However, there is a pretty useful library called tiny-utf8, which is basically a drop-in replacement for std::string/std::wstring. It aims to fill the gap of the still missing utf8-string container class.
This might be the most comfortable way of 'dealing' with utf8 strings (that is, without unicode normalization and similar stuff). You comfortably operate on codepoints, while your string stays encoded in run-length-encoded chars.

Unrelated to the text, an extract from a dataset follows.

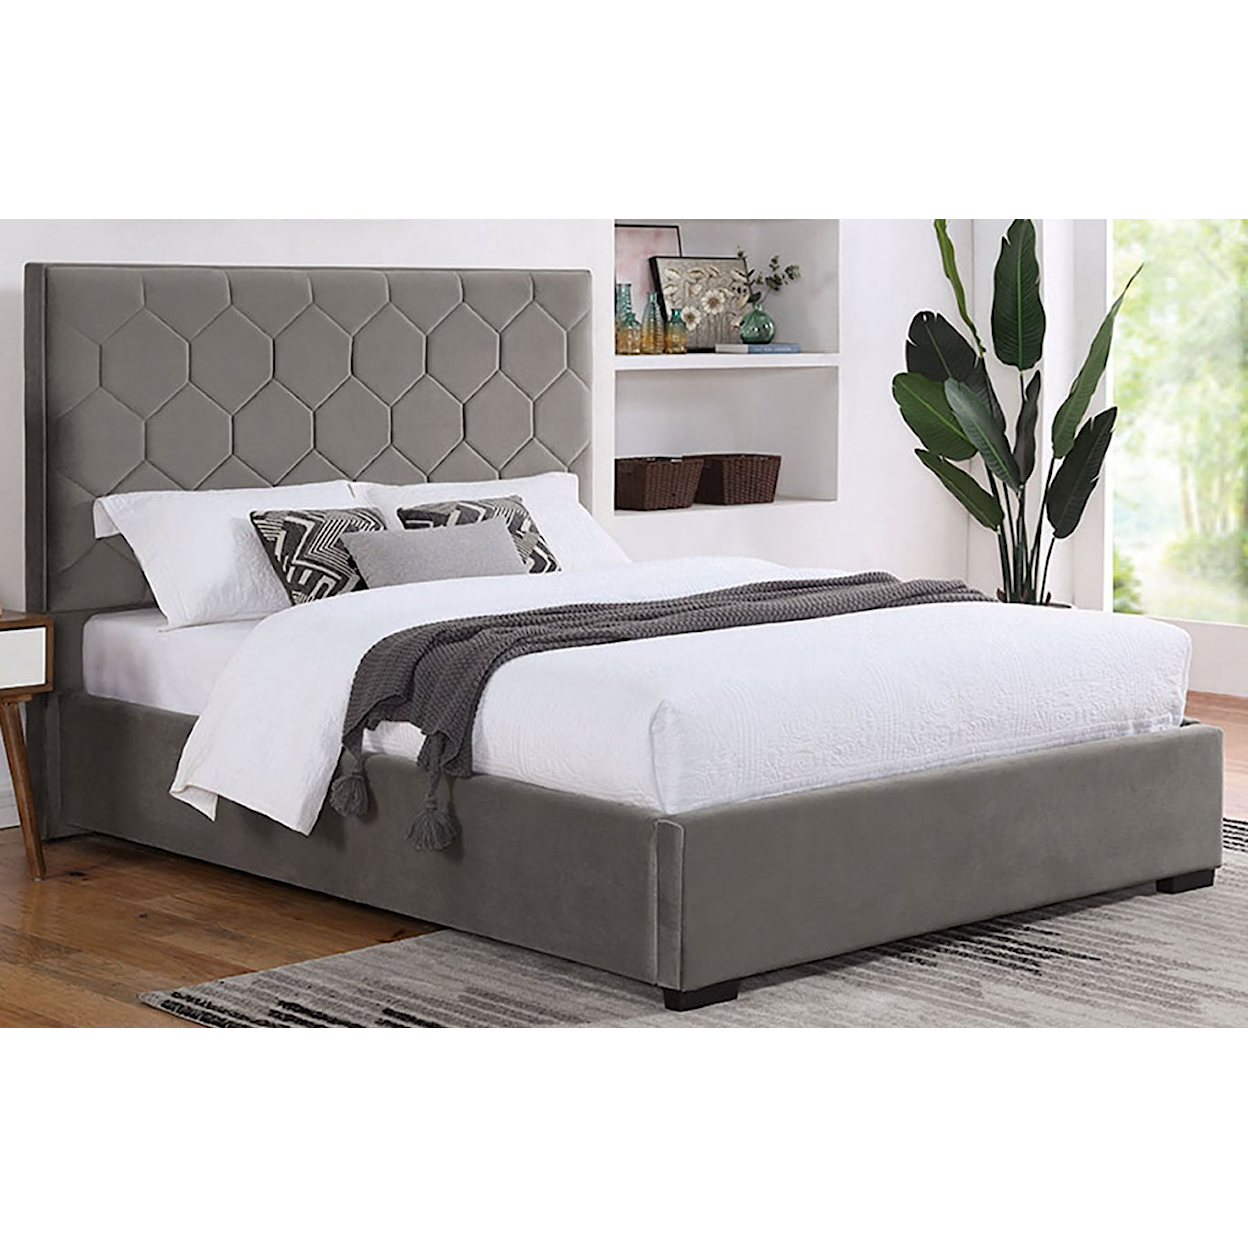 Furniture of America Gatineau Upholstered King Bed

I'm trying to implement text support in Windows with the intention of also moving to a Linux platform later on. It would be ideal to support international languages in a uniform way but that doesn't seem to be easily accomplished when considering the two platforms in question. I have spent a considerable amount of time reading up on UNICODE, UTF-8 (and other encodings), widechars and such and here is what I have come to understand so far:
UNICODE, as the standard, describes the set of characters that are mappable and the order in which they occur. I refer to this as the "what": UNICODE specifies what will be available.
UTF-8 (and other encodings) specify the how: How each character will be represented in a binary format.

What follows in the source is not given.